Александр Иванович Куприн
Фараоново племя
Мы присутствуем при вырождении цыганской песни, вернее – при ее скучной, медленной старческой кончине. Пройдет еще четверть века, и о ней не останется даже воспоминания. Древние, полевые, таборные напевы, переходившие из рода в род, из клана в клан по памяти и по слуху, исчезли и забылись, никем не подобранные любовно и не записанные тщательно. Старинные романсы вышли из моды – их не воскресишь. Современные романсы живут, как мотыльки-однодневки: сегодня их гнусавят шарманки и откашливают граммофоны, а завтра от них нет и следа.
Жалеть об этом или не жалеть? Правда, с цыганщиной как-то уж чересчур тесно связано наше безобразное и нелепое прошлое: время крепостничества и дикого барства, времена выкупных платежей, взяточничества, всяких концессий и откупов, интендантских оргий и банковских растрат. Но и в прошлом было кое-что милое, о чем поневоле вздохнешь с тайной и сладостной грустью: были Пушкин, Лермонтов, Тургенев и молодой офицер Толстой, были декабристы и масоны, были романтические девушки и отважные мужчины, были женские шляпы кибиточками, мушки, шаловливые анекдоты прабабушек, мебель красного дерева, клавесины, давно забытая учтивость, медленные и важные танцы, похищение невест и дуэли через платок, была грациозно-неуклюжая, уютная и живая старина. Была и цыганская песня. И о ней так же невольно вздохнешь, как вздохнешь о глупых слезах и о радостях детства, о смешных и прекрасных восторгах первой любви, о пылком и великодушном задоре ранней молодости, о безумно растраченных силах, которые когда-то казались неисчерпаемыми.
Почти сто лет держалось увлечение цыганской песней. Недаром же этому увлечению отдали искреннюю и страстную дань два самых великих русских человека девятнадцатого столетия: один – озаривший его начало, другой – увенчавший его конец. Один – Пушкин, другой – Толстой.

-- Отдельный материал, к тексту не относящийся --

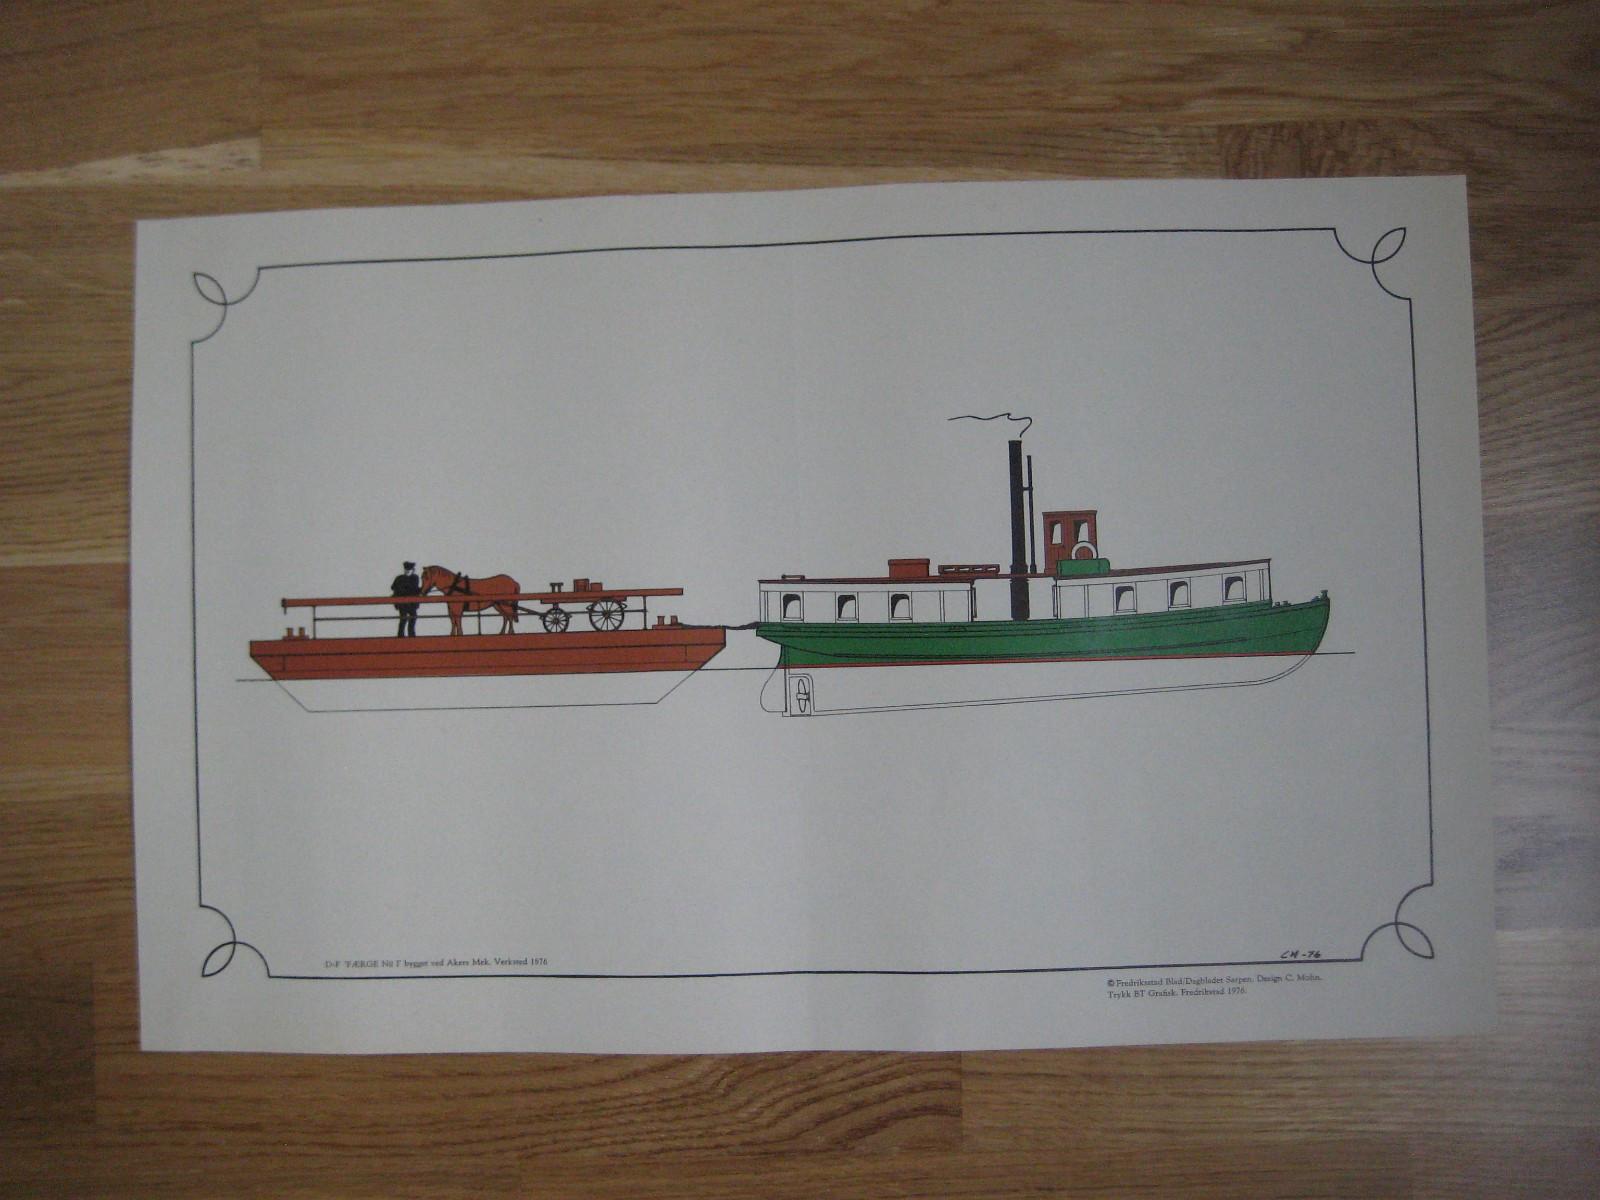 """686) D-F """"FÆRGE No1"""" design C.M. 1976 - Gressvik  - (C.M.=C.Mohn) Bygget ved Akers Mek.v. 1876. Total arkstørrelse ca.29,5x46,5 cm ,- pluss info vedlegg """" """"Een Dampfærge af Jern"""". Vestsiden færgested, Fredrikstad ca.1880. Sendes pent brettet en gang. + porto kr.23,- - Gressvik"""

Совсем недавно, всего лишь несколько дней тому назад, какой-то внимательный поклонник светлой памяти Пушкина нашел наконец знаменитый нащокинский домик. История этого домика, конечно, известна каждому. Павел Воинович Нащокин, друг молодого Пушкина, из барской прихоти выстроил и постоянно украшал, со свойственной ему широтою натуры, оригинальную игрушку, точную копию своего московского двухэтажного дома, копию, которая свободно умещалась на ломберном столе.
Конечно, эта вещь драгоценна как памятник старины и кропотливого искусства, но она несравненно более дорога нам как почти живое свидетельство той обстановки, мебели, забав, безобидных кутежей, цыганского пения, беззаботных шуток и в то же время внимательной и истинной дружбы – словом, той среды, в которой попросту и так охотно жил Пушкин. И мне кажется, что за жизнью этого человека, ушедшего больше чем за историю – в легенду, гораздо точнее и любовнее можно следить по нащокинскому домику, чем по современным ему портретам, бюстам и даже по его посмертной маске.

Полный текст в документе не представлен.